Exact copies of the lines below are the goal; any images in them are dropped.

- Recorded information:

------------------------------------------------

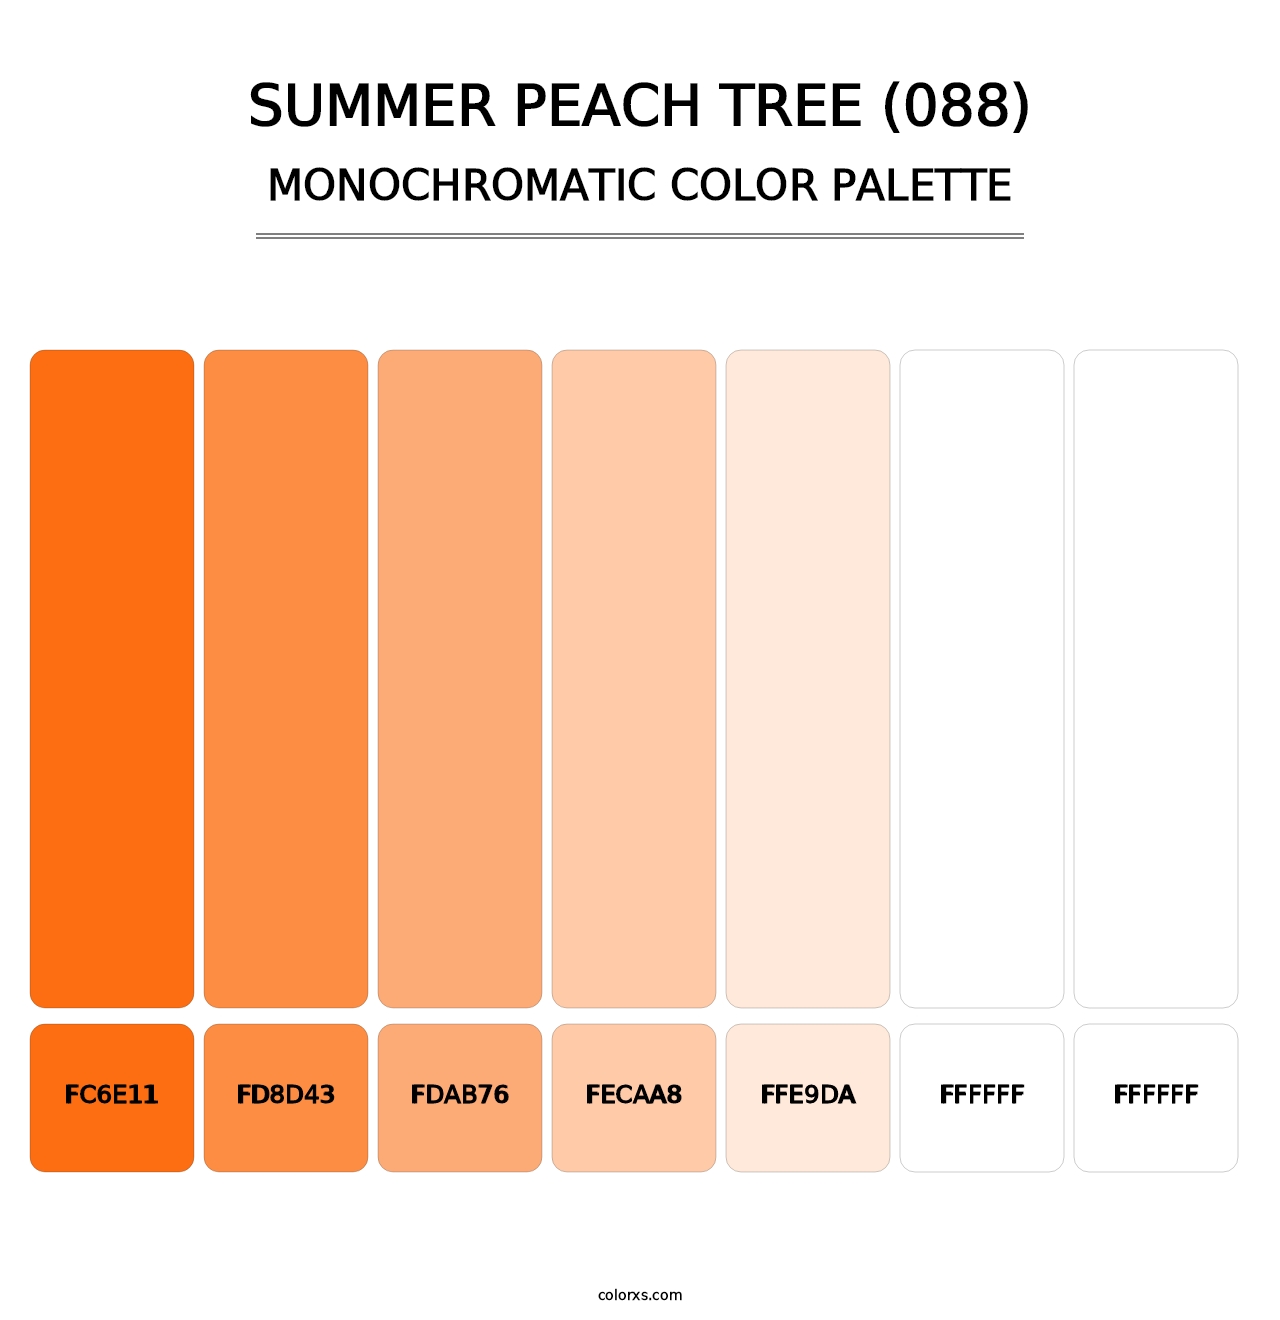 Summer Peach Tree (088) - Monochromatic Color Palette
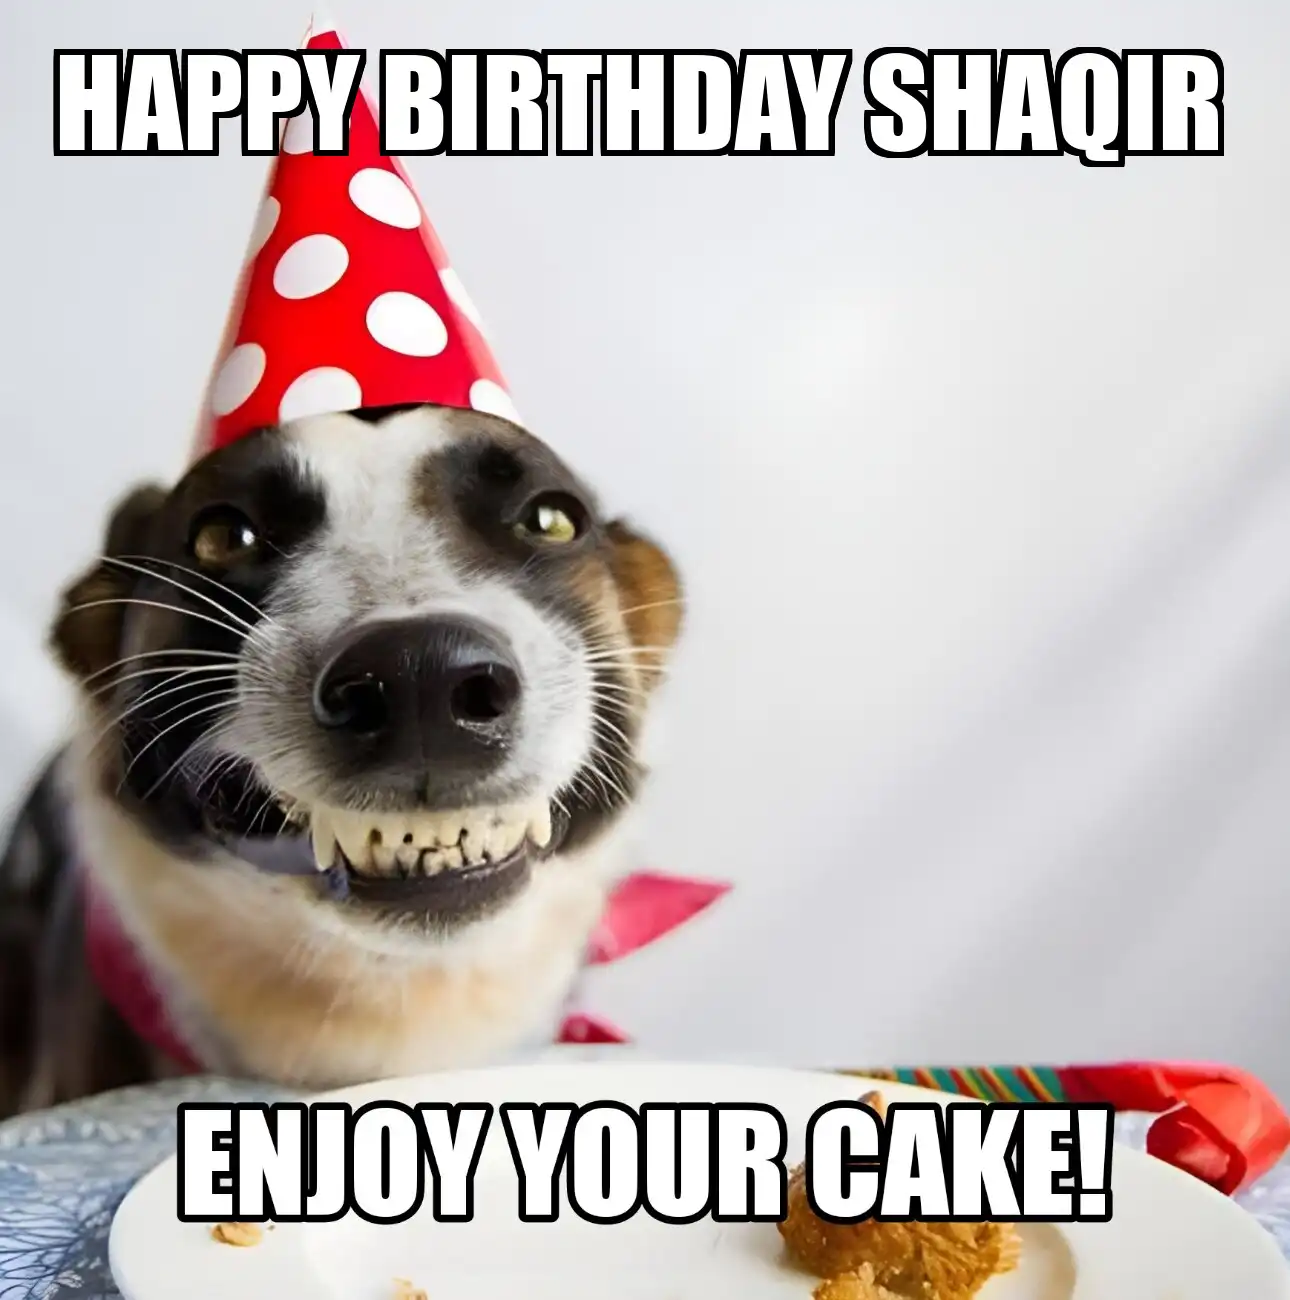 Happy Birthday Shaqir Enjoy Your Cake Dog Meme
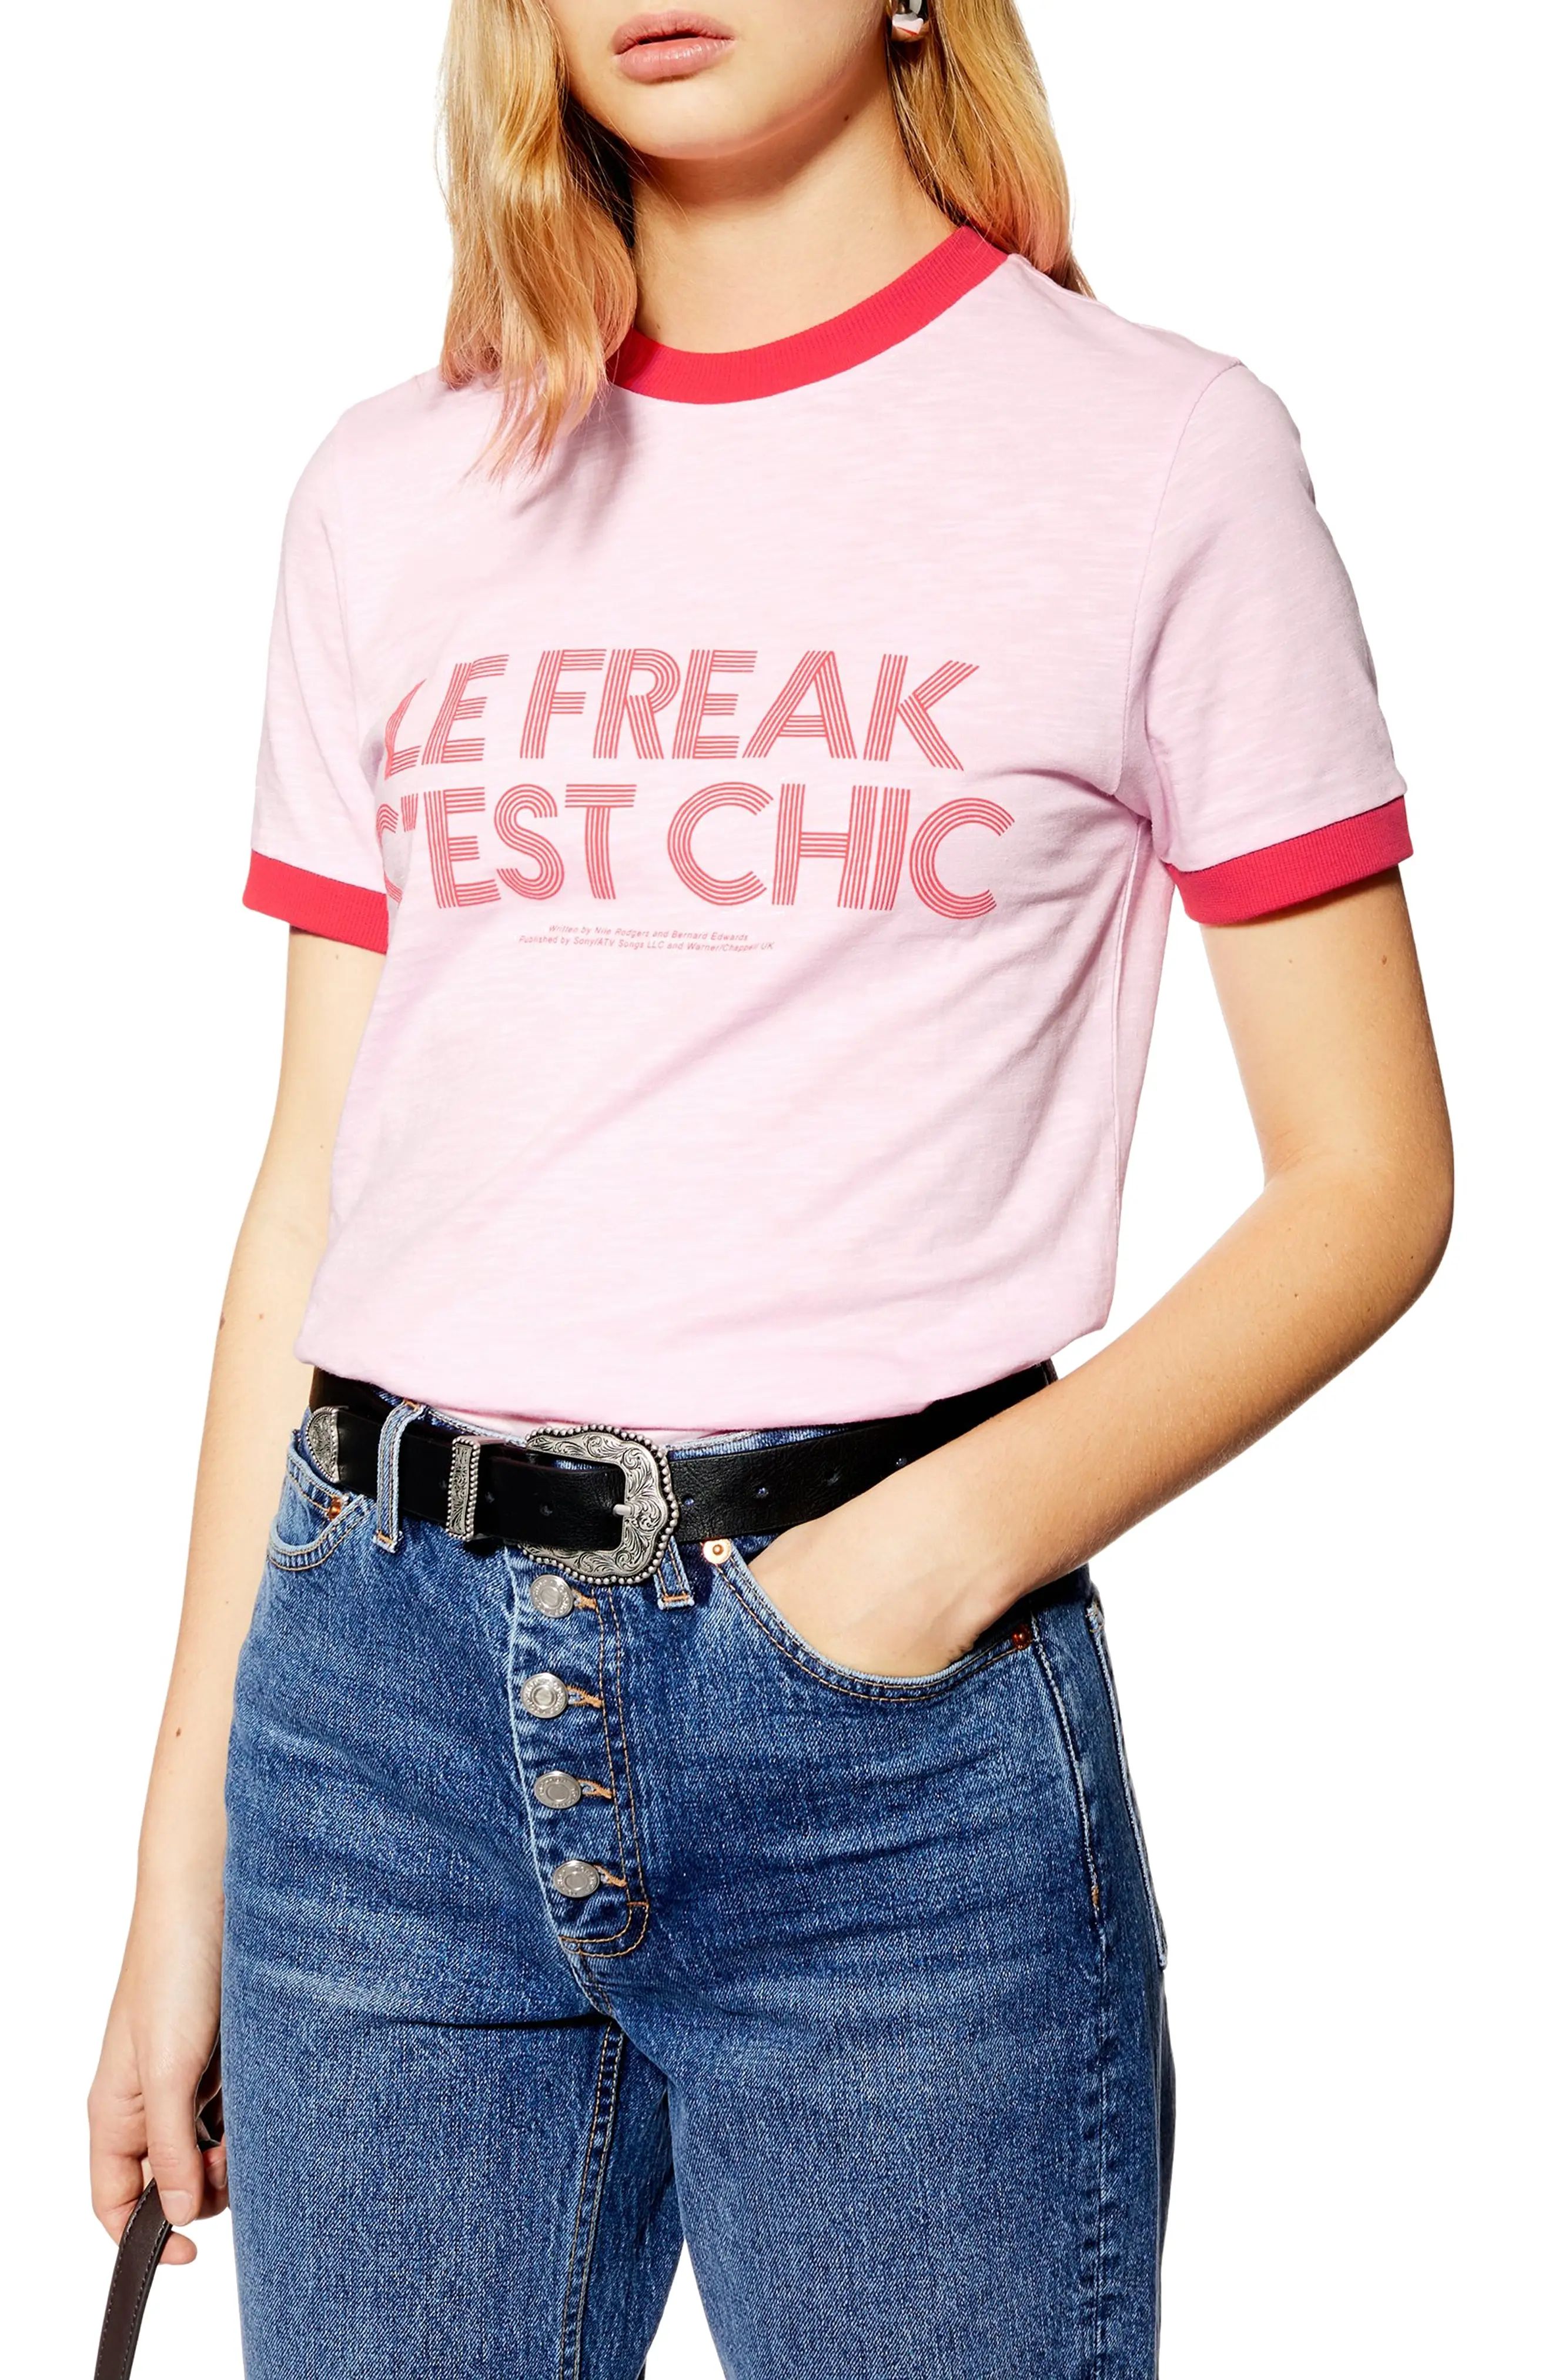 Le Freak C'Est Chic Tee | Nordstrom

------------------------------------------------

- Response to this task:
 Summer Peach Tree (088) - Monochromatic Color Palette
 Happy Birthday Shaqir Enjoy Your Cake Dog Meme
 Le Freak C'Est Chic Tee | Nordstrom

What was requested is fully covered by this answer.